In this way, future ureteroscopy specific vision models must overcome the unusual hurdles intrinsic to the procedure, such as that it is taking place in fluid, with large amounts of dust artifact, and sometimes bleeding. Furthermore, there can be significant movement with blur due to ureteroscope movement, patient respiration and/or pulsations from nearby vessels. While accurately labeling this data is challenging because the ground truth for any given image or clip may not even be known to the surgeon, we feel well labeled data is critical for fine-tuning general models for optimal performance in computer vision tasks.

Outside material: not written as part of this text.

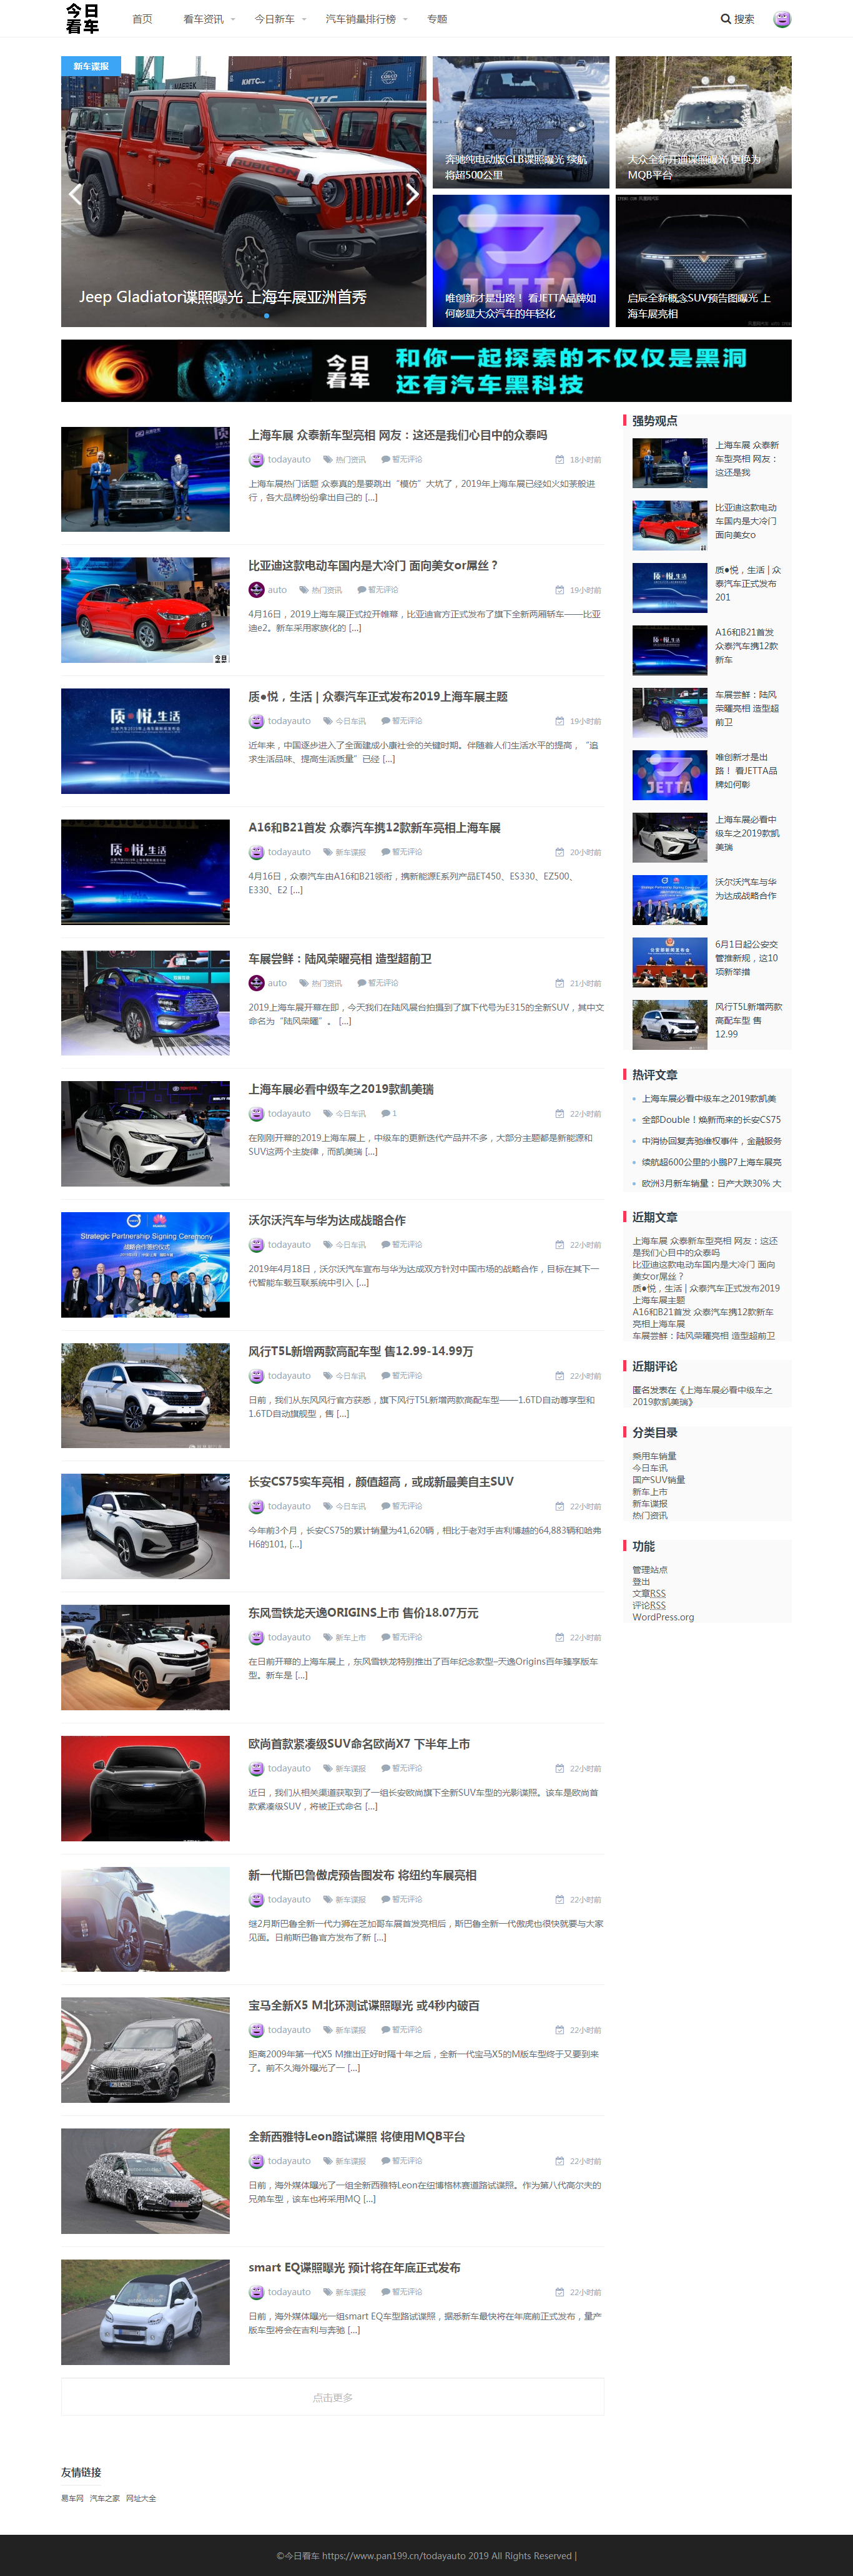 今日看车：使用WordPress搭建的今日看车汽车资讯网站调试上线
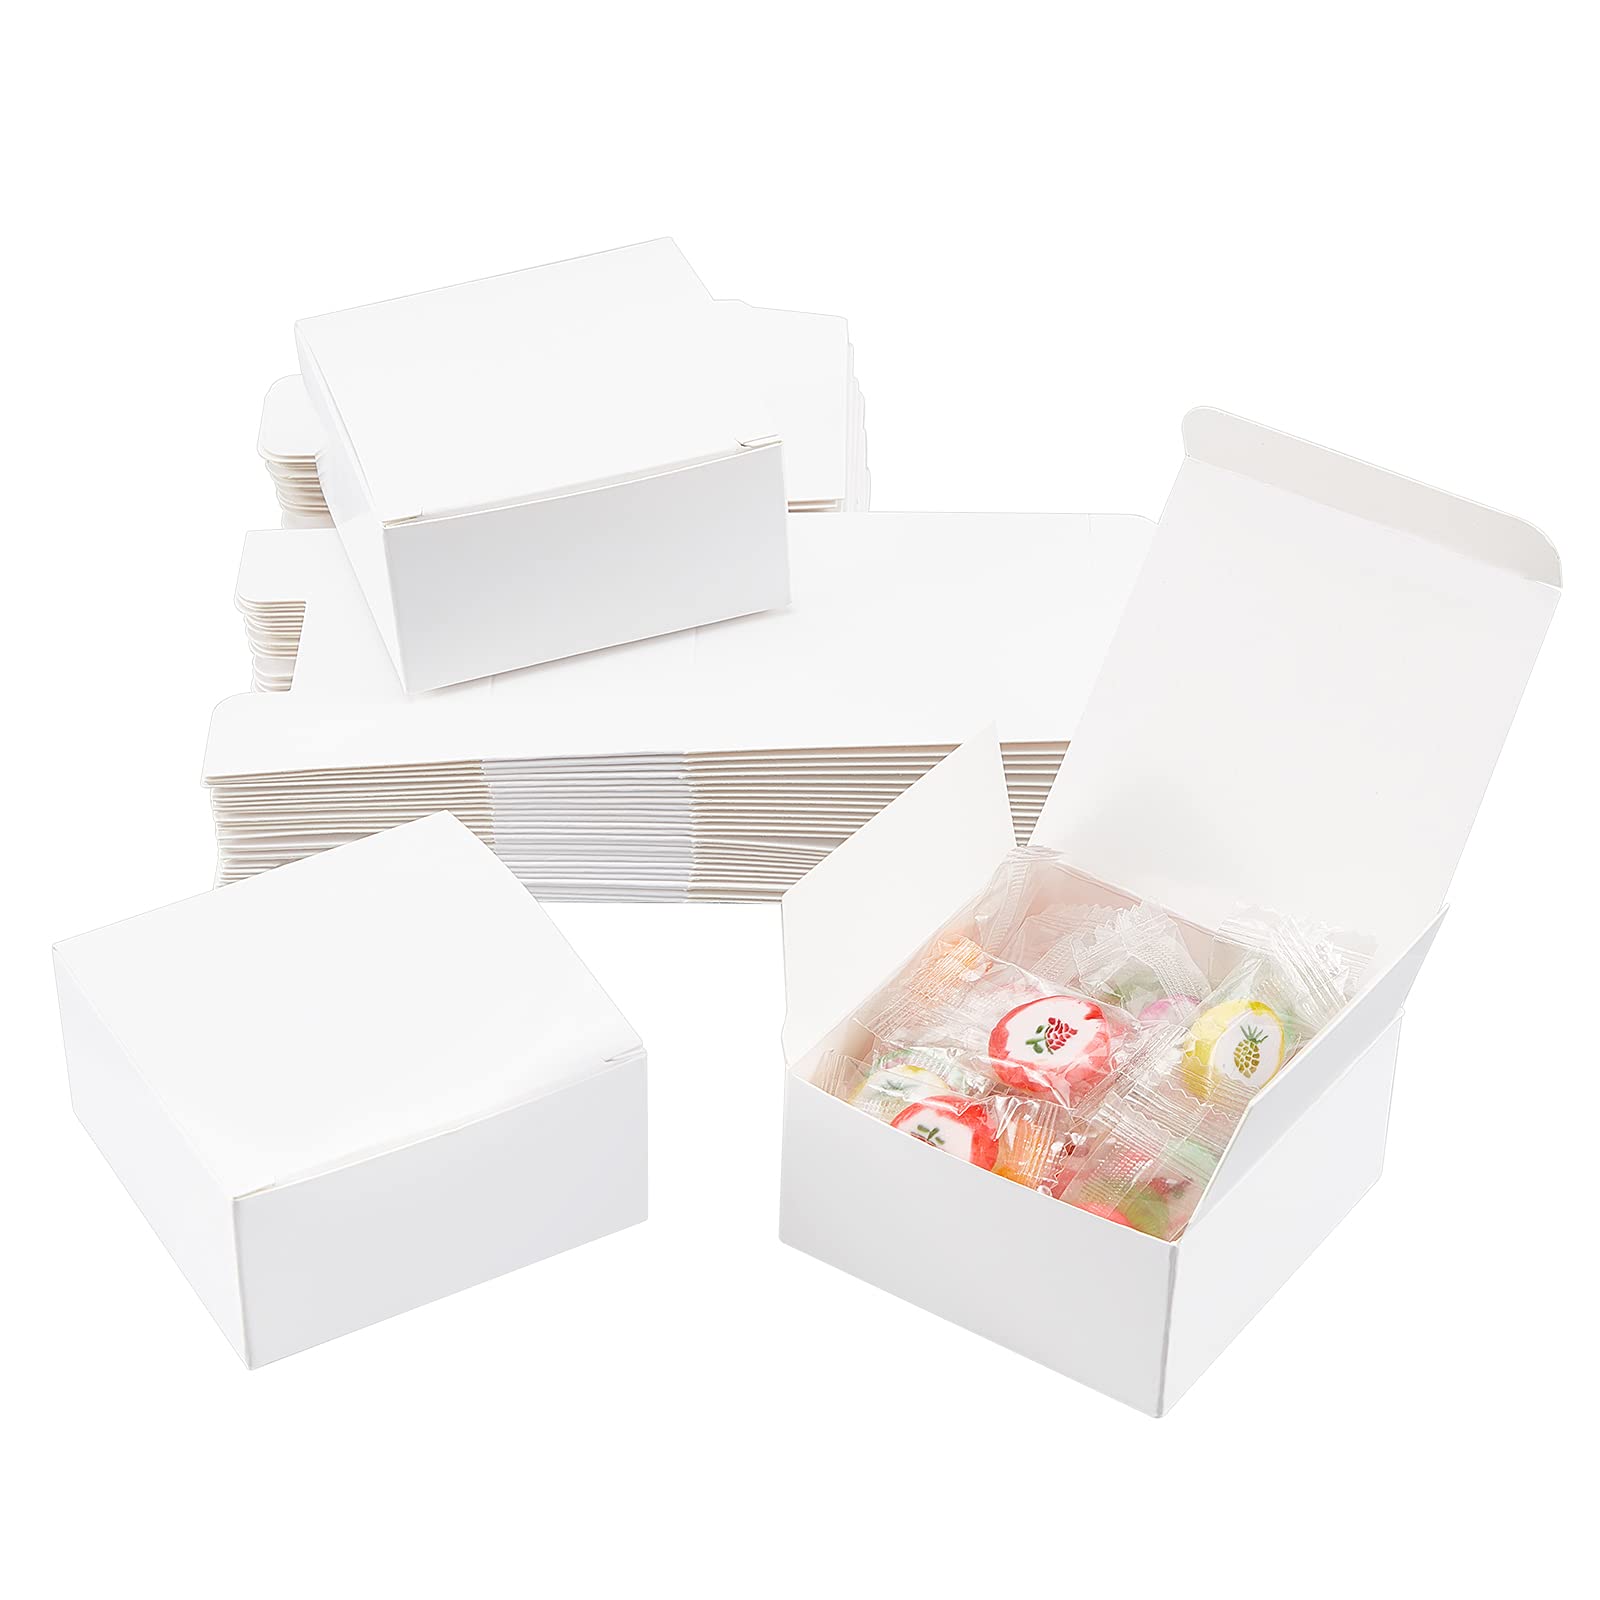 PH PandaHall 箱 ラッピング 無地 ミニギフトボックス 折り畳み 白 ギフトボックス 折り畳み ギフト ボックス 30個セット クラフト 小さいギフトボックス 折り畳み ラッピング ボックス 紙製 キャンディー お菓子 小物入れ

Despite the challenges encountered, our study represents a novel investigation into the feasibility of detecting stone fragmentation events during ureteroscopy using a unique combination of contemporary AI technologies. Our approach diverges from traditional event detection methods by leveraging the instability characteristics of a point tracking foundation model, CoTracker, as a proxy signal for fragmentation. Specifically, we explored whether the disruption in tracking points, initialized via semantic segmentation (CLIPSeg) and identified through density-based clustering (HDBSCAN), could correlate with the physical event of a stone fragmenting. While the performance shows many limitations, this work contributes valuable insights into the application boundaries of these powerful general purpose models in complex, dynamic surgical environments and explores an unconventional methodology for event detection in a data-scarce domain, indicating the need for specifically designed models or fine-tuned methods for the unique challenges of more accurately analyzing fragmentation events in the future. Although our pipeline’s performance was modest, it can be applied to future laser lithotripsy videos to accelerate data labeling and support the creation of larger datasets for more robust training and improved fragmentation detection.
Conclusion
Detection of fragment production is still preliminary using computer vision models. Recent advancements in video point tracking may enable more accurate capture of object motion patterns, which could be used to track the fracture of fragments from the kidney stone. With refinement, the proposed pipeline may be utilized to provide feedback to the surgeon and/or laser to adjust power settings in real time.